[BioPython] bioperl idl

Mon, 20 Sep 1999 09:27:01 +0100 (BST)

On Sun, 19 Sep 1999, Andrew Dalke wrote:

> [Ewan's IDL]
> 
> Let my start by asking a dumb question.  What does strand type (as in
> + or -) mean?  Or do you have a URL for me (a protein person by
> training) to read?

Locations on DNA sequence can be on either strand or on 'both' strands.
(hence either '+','-' or '.' or - my preferred notation, 1,-1,0).

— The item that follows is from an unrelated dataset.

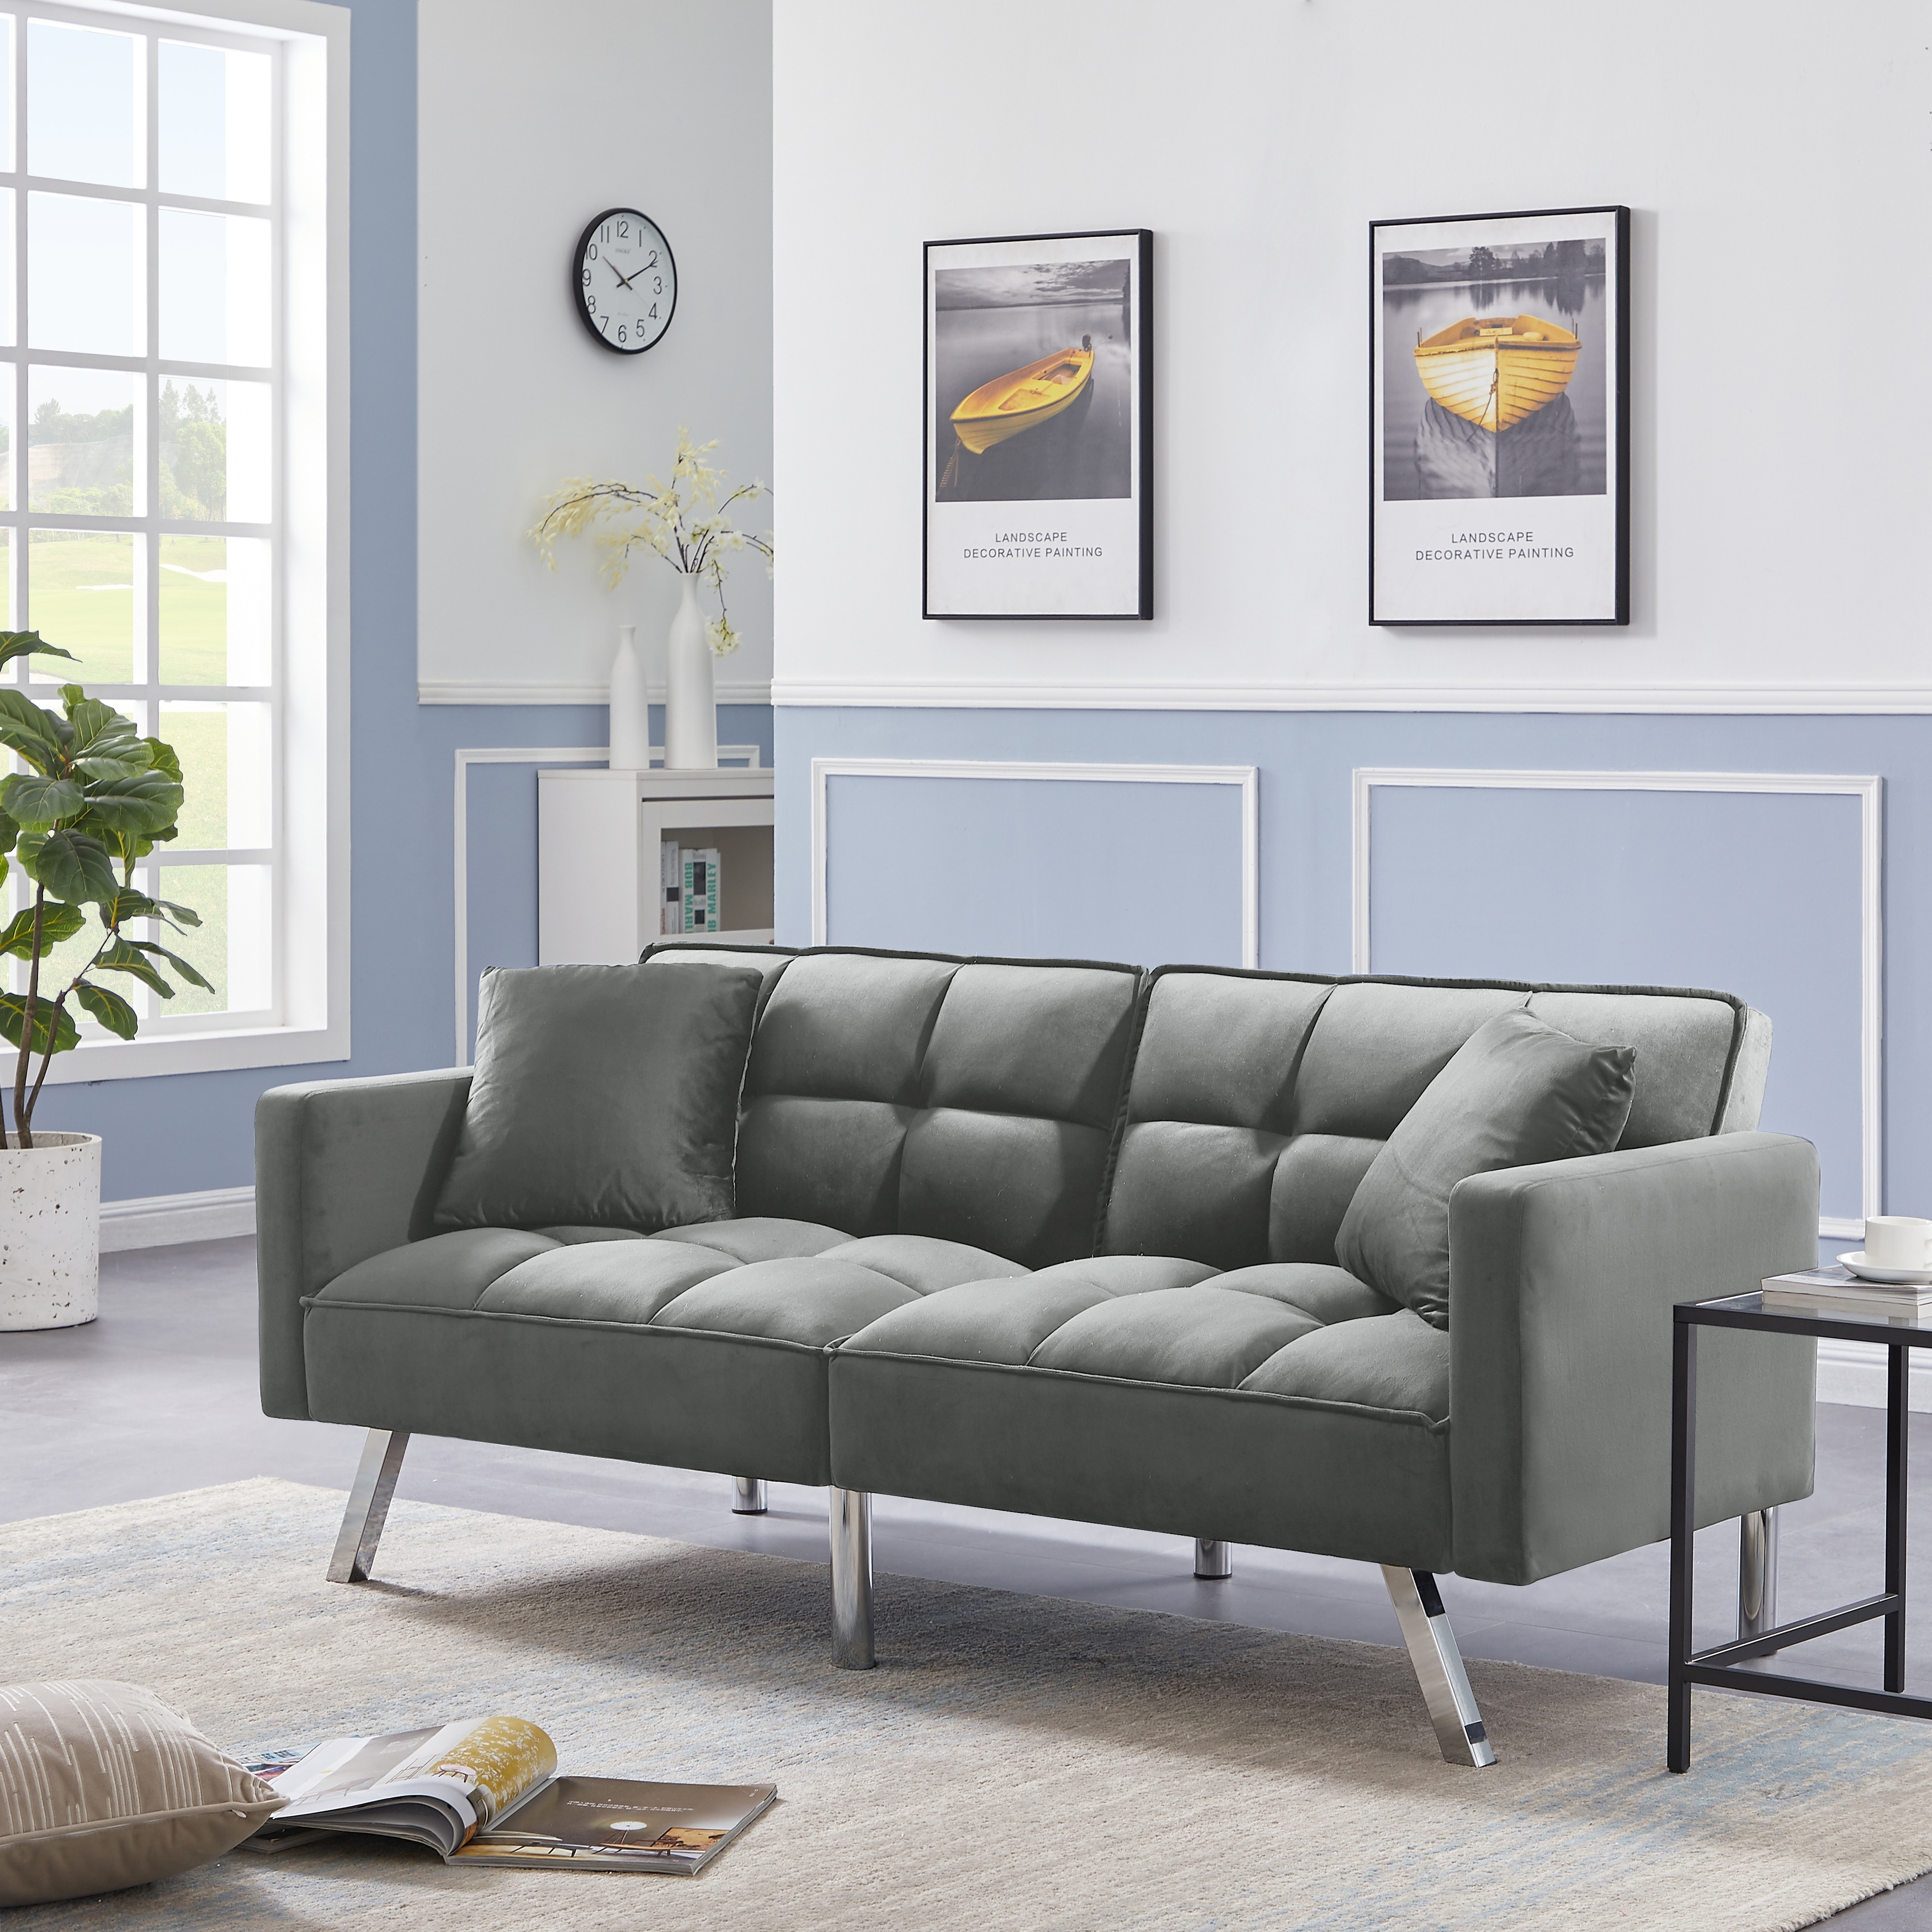 Modern Loveseat Adjustable Tilt Backrest Metal Sofa Convertible Sleeper Velvet Upholstered Sofa Furniture With Pillows

Other question - I prefer knuth/C style numbering system, but the rest
of bioinformatics has standardised on "biological" numbering schemes
(ie, 1..3 is a 3 long string, starting at the first place). Annoying or
what.

If I were you I would stick to that. It just confuses people converting
from biology otherwise.

> 
> 
> You have a type() method to get the sequence type.  What about
> picking another name?  Python defines a "type()" function, which
> is not a reserved word and will never have a conflict with the
> method name.

actually in bioperl I am using moltype. (molecular type).

> You have a "Comment" string data type which is
> 
> >  // just a list of strings.
> >  interface Comment : ReleaseableObject {
> >    sequence <string> comments;
> >    bool is_html;
> >  }
> 
> This doesn't feel right, for a couple of reasons.  Why is it a list of
> strings, rather than a single string separated by newlines?  Is it the
> cross-platform newline issue?  I would rather have things as a single
> string (with a defined "\n", "\r" or "\r\n") than lots of strings.
> 
> Also, the is_html isn't very nice.  What about support for other
> formats?  This is exactly the problem that MIME solves, so you could
> have
> 
>   interface Comment : ReleaseableObject {
>     string mime_type;
>     string comment;
>   }

I think this is pretty good. I was thinking of something similar. It is
just that Comments in most bioinformatics databases are best represented
as a list of strings, each string a line. This is the natural way to
process them. Is 

sequence <string> comments
string mime_type

so bad?

> 
> URL stands for Uniform Resource Location (or "Universal" if you've
> been around long enough :).  URN stands for Uniform Resource Names
> (RFC 2141 at http://www.cis.ohio-state.edu/htbin/rfc/rfc2141.html).
> 

Right. I know them. I am just representing what is common usage in
bioinformatics. The dbxref is like URNs except that the first and
second part are officially split apart. But one could merge them.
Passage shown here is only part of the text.